And then to what extent is it important to mimic the clinician, to support the clinician, versus replace the clinician? We have a literature in psychology dating back 50 years trying to identify which clinical problems are best handled by an algorithm and which clinical problems are best handled by a human decision maker, and I think that's a good place for us to think about augmentation of human decision-making versus places where an algorithm can do the job.

I kind of conclude with the question of what does a clinician need? We have talked from the beginning on today about usability, accessibility, about the burden on clinicians that again Greg Simon mentioned this, extremely important. Is a decision tree, a simple decision tree, the best? Is a machine algorithm that can be plug and play the best? I think looking at this end game of what we want to end up with is going to be valuable.

I'm going to conclude there, thank a couple of key collaborators, although there's many more, and thank everyone for just a fascinating day, and I'll hand it over now to our discussant, to Laura.

LAURA GERMINE: Thanks for that.

So, a broad series of talks, all really wonderful, and I think highlighting the many different ways we can approach questions related to precision diagnostics using many, many different tools at hand. I'm going to try to process some of the questions that are coming from the audience, but also use my moderator's discretion to generalize them a little bit.

So first one I think was directed at Eiko, but I'm going to make it more general. So it's about acknowledging that when it comes to diagnostics and psychopathology, there is complexity and nonlinearity. But what about adaptability? What about the fact that people do change, and so those models might not be true for a person over time, and is that something that we can include in our models, or is that challenge to generalizability and how do we approach the fact that people do adapt and change over time?

EIKO FRIED: I can just start by saying that there are other adaptive systems that respond, like there's fantastic work on bees for example, colonies of bees that respond adaptively to behavior, lakes respond adaptively to behavior. I've learned a ton from my colleagues in ecology over the years. I can only recommend everybody here to talk to your resident ecologist about systems.

So yes, I think we can take that into account. We can add constraints on these models. We know that many people respond in adaptive ways to many things, but we also know and there's lots of cybernetics literature in the 1990s that started this that some adaptive systems get stuck in nonadaptive states. Fever is highly adaptive in most cases, but some people die of fever. So adaptive systems, at least ontogenetically, important feature, tricky to study, but there is some work in ecology and biology that shows us how this can be done. That's at least my perspective.

JOEL NIGG: I just had one very simplistic comment here, which is that also adaptability may be one of the features we measure in people, and one of the predictors that we look at. So I think that at least from personality point of view, but also from a learning point of view, it may be a rich target.

RAQUEL GUR: I agree with that, and I could consider to use resilience can be measured. The articles now on heritability of resilience, and longitudinal studies, when we follow individuals at risk for psychosis, those who do not transition to schizophrenia have a higher resilience at the get-go.

And also for following people with suicidal ideation, teenagers, those who have no attempt have higher resilience. So it's something that dynamic and can be carefully assessed and add to the clinical prediction.

LAURA GERMINE: And when we think about adaptability and resilience, now it becomes fundamental in the concept of psychopathology, not just another complication.

So I'm going to add on to that question a specific type of adaptability that came to mind when I was reading this, which is specific to the research setting or to measurement, which is what do we do about the fact that many research participants are also observers and consumers of the fact that we're conducting a research study.

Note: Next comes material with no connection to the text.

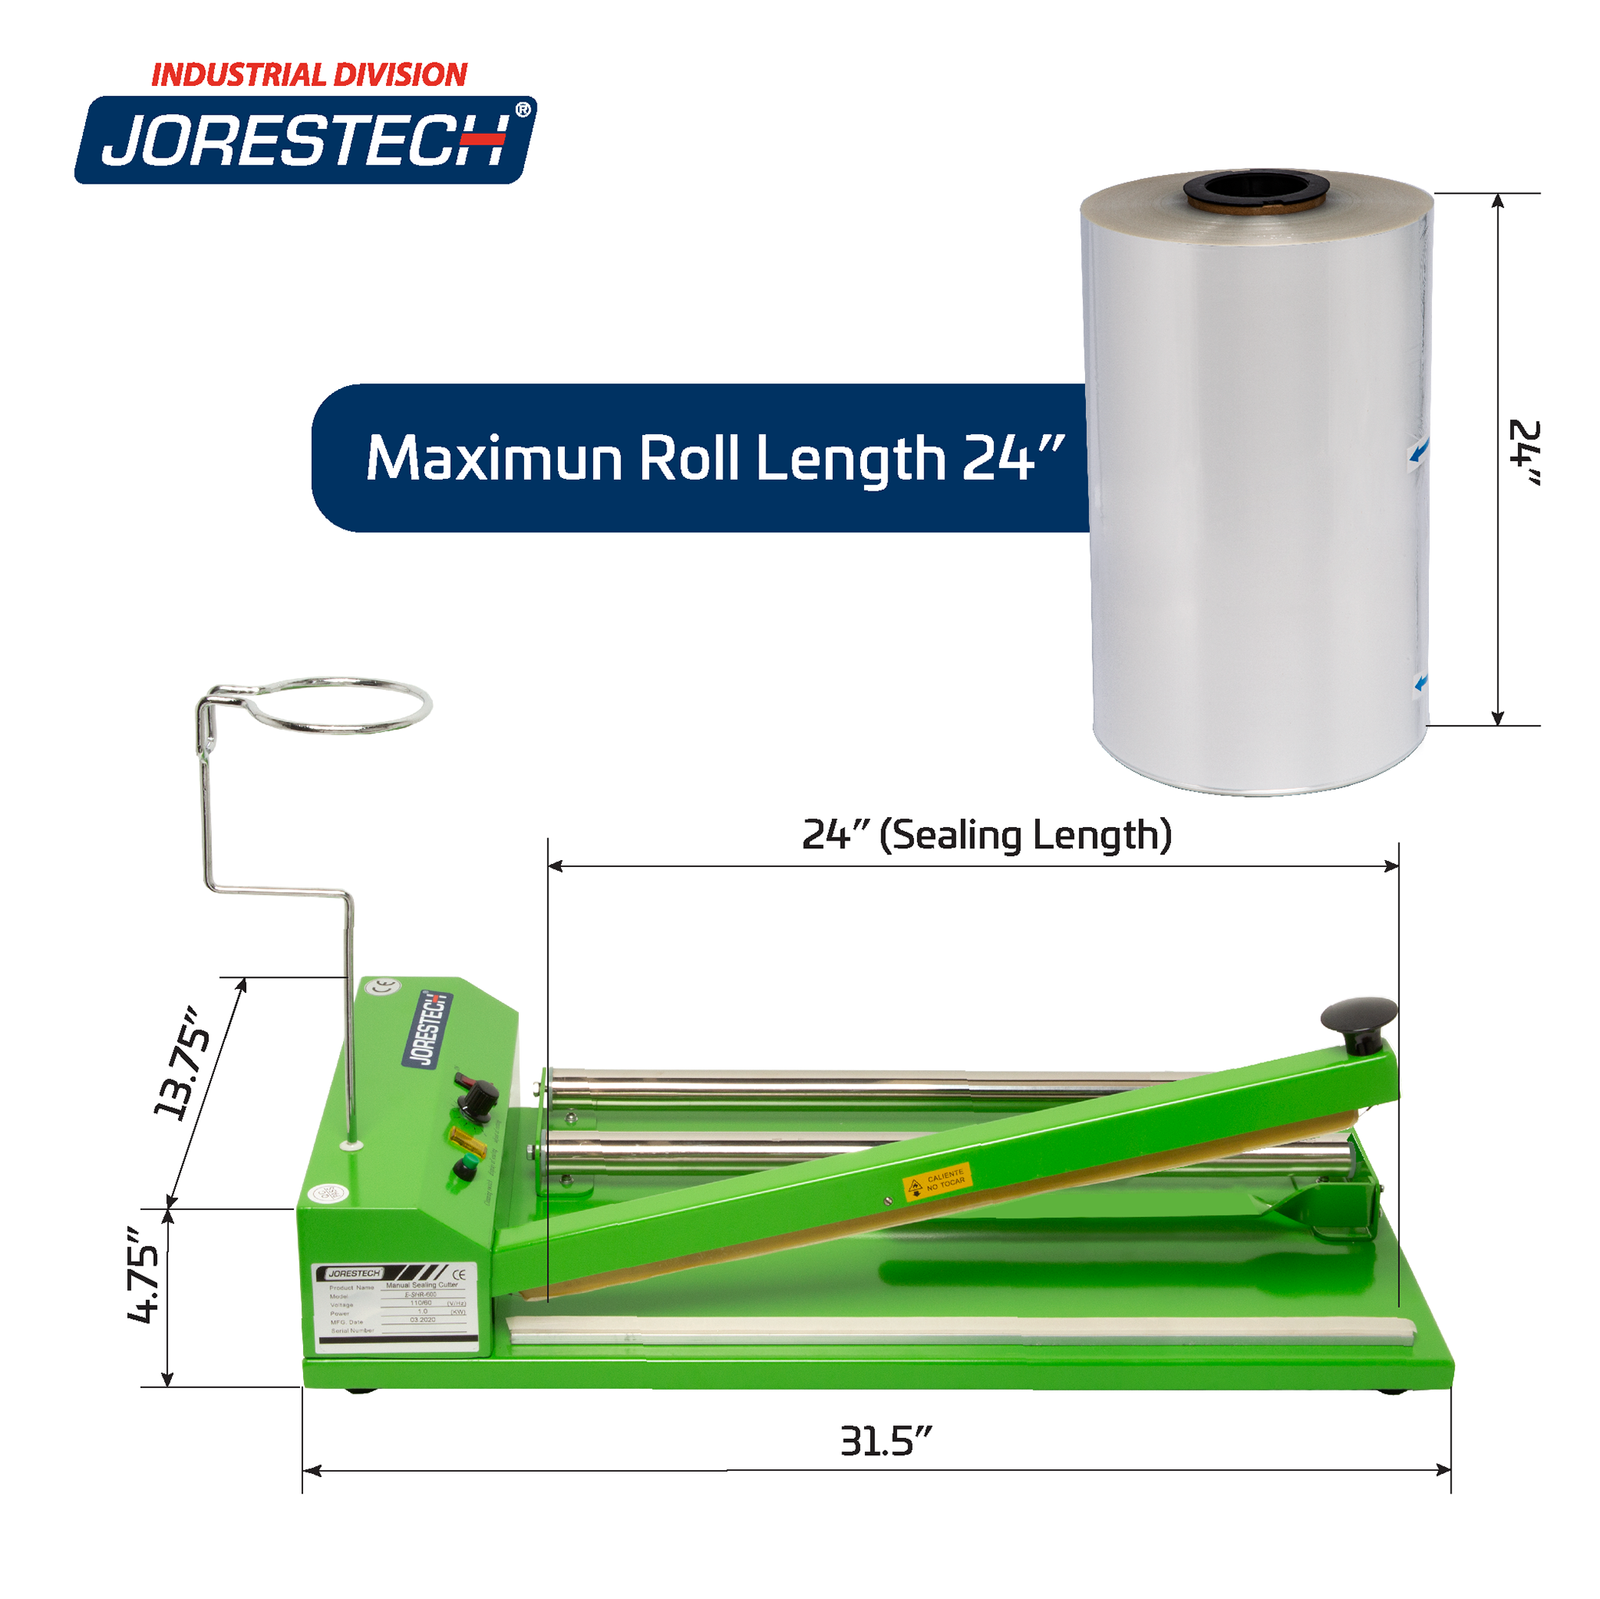 Shows a JORES TECHNOLOGIES® shrink film roll and a green, JORES TECHNOLOGIES® shrink packaging unit with their respective measurements. A blue text next to the shrink roll reads

So the two situations I thought of is in the context of EMA, we've seen behavior change over the course of an EMA in what seems to be a response to the EMA, and then in the EHR setting, the transition to open notes, for example, where now patients are reading the things that are being put in the record and much more aware of that, how does that change the maybe the way we think about the measurement or how we generalize and the sorts of models we build?

Raquel, did you have your hand up from before?

RAQUEL GUR: I will just say that you need multiple sources of information when you collect the data. Sometimes it's quite amazing to see the discrepancy between a child report and a parent report. It just -- we go back and check it and the children let us know, but they do not tell the parents. Similarly, pregnant women will not tell postpartum how depressed they are, but tell us in research because they're concerned of their role as mothers and what will be done. So you need multiple sources and sensitivity to the topic under investigation.

LAURA GERMINE: Eiko, I saw you had your hand manually up before.

EIKO FRIED: I think your first question goes towards reactivity of these assessments to some degree, and we see that in research, and it's not an easy problem to solve. As I said before, we're trying to run an observational study trying to collect data to forecast transitions into depression, but our people, our participants use smartwatches and the very first thing one of my coordinators called and said, Eiko, I've been wearing this watch for three weeks now. You know, I really changed my habits. Like, no, no, it's not meant to be an intervention. And we get the same from some, so we give people these personalized data reports after the three months, just to motivate them to keep participating as sort of a citizen science thing as well. But yes, for some participants, although we only feed them back data that they literally told us in the app, there's nothing new here. Of course, seeing it from a bit of a distance shapes people's perspective on like, oh, Mondays I don't seem to do very well. This can have an intervention effect.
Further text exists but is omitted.